Columbine students strive to move on 10 years after massacre

Monday, April 20, 2009
Lindsay Abrams, center, and her husband Danny Abrams, right, hold candles Sunday during a candlelight vigil at the Columbine Memorial at Clement Park near Littleton, Colo. Abrams was a sophomore at Columbine at the time of the attack. (Chris Schneider ~ Associated Press)

LITTLETON, Colo. -- The "boy in the window" who fell bloodied and paralyzed into the arms of rescuers during the Columbine High shooting rampage is doing just fine.

Now 27, Patrick Ireland has regained mobility with few lingering effects from gunshot wounds to his head and leg a decade ago. He is married and works in the financial services industry. His mantra: "I choose to be a victor rather than a victim."

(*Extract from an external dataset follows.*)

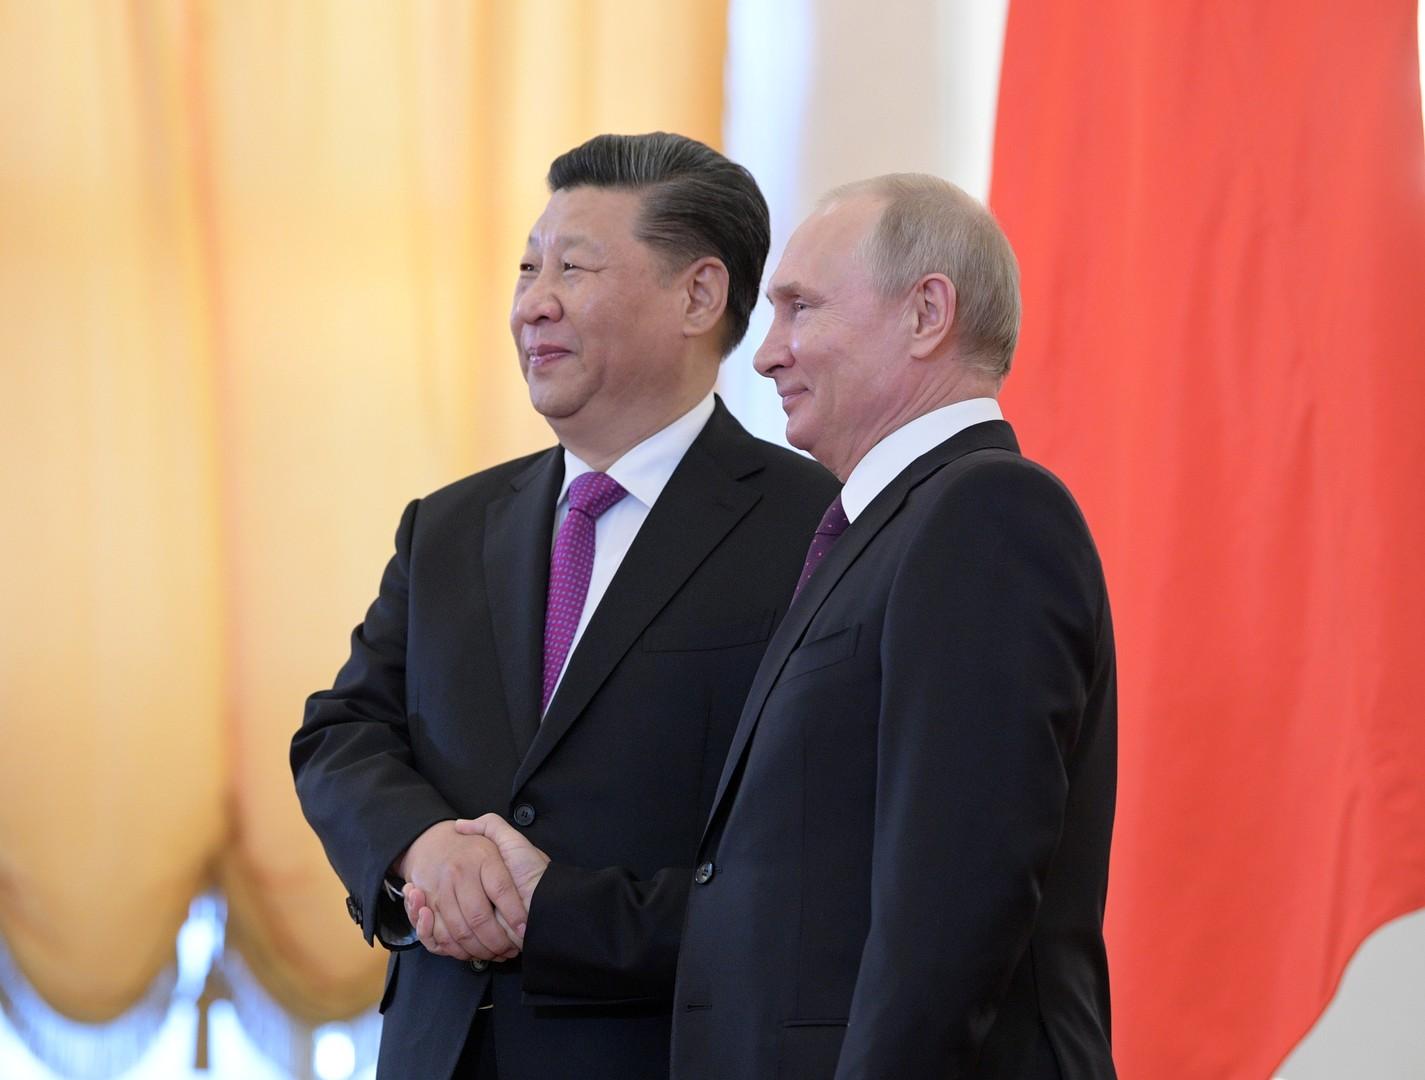 بوتين يؤكد بعد محادثات مع شي جين بينغ تطابق مواقف روسيا والصين حول أهم القضايا الدولية

Like Ireland, many survivors of the April 20, 1999, massacre have moved on to careers in education, medicine, ministry, retail.

But emotional scars still can trigger anxiety, nightmares and deeply etched recollections of gunfire, blood and bodies.

Some have written books; a few travel the world to share their experiences to help victims of violence.

"People have been able to have 10 years to reconcile what happened and see what fits in their life and who they are," said Kristi Mohrbacher of Littleton, who fled Columbine as the gunfire erupted. "It's kind of a part of who I am today. I think my priorities might be a little bit different if I hadn't had that experience."

Just after 11 a.m. on that day, Eric Harris, 18, and Dylan Klebold, 17, stormed the suburban school, killing 12 classmates and a teacher and wounding about two dozen. The massacre ended with the gunmen's suicides not quite an hour later.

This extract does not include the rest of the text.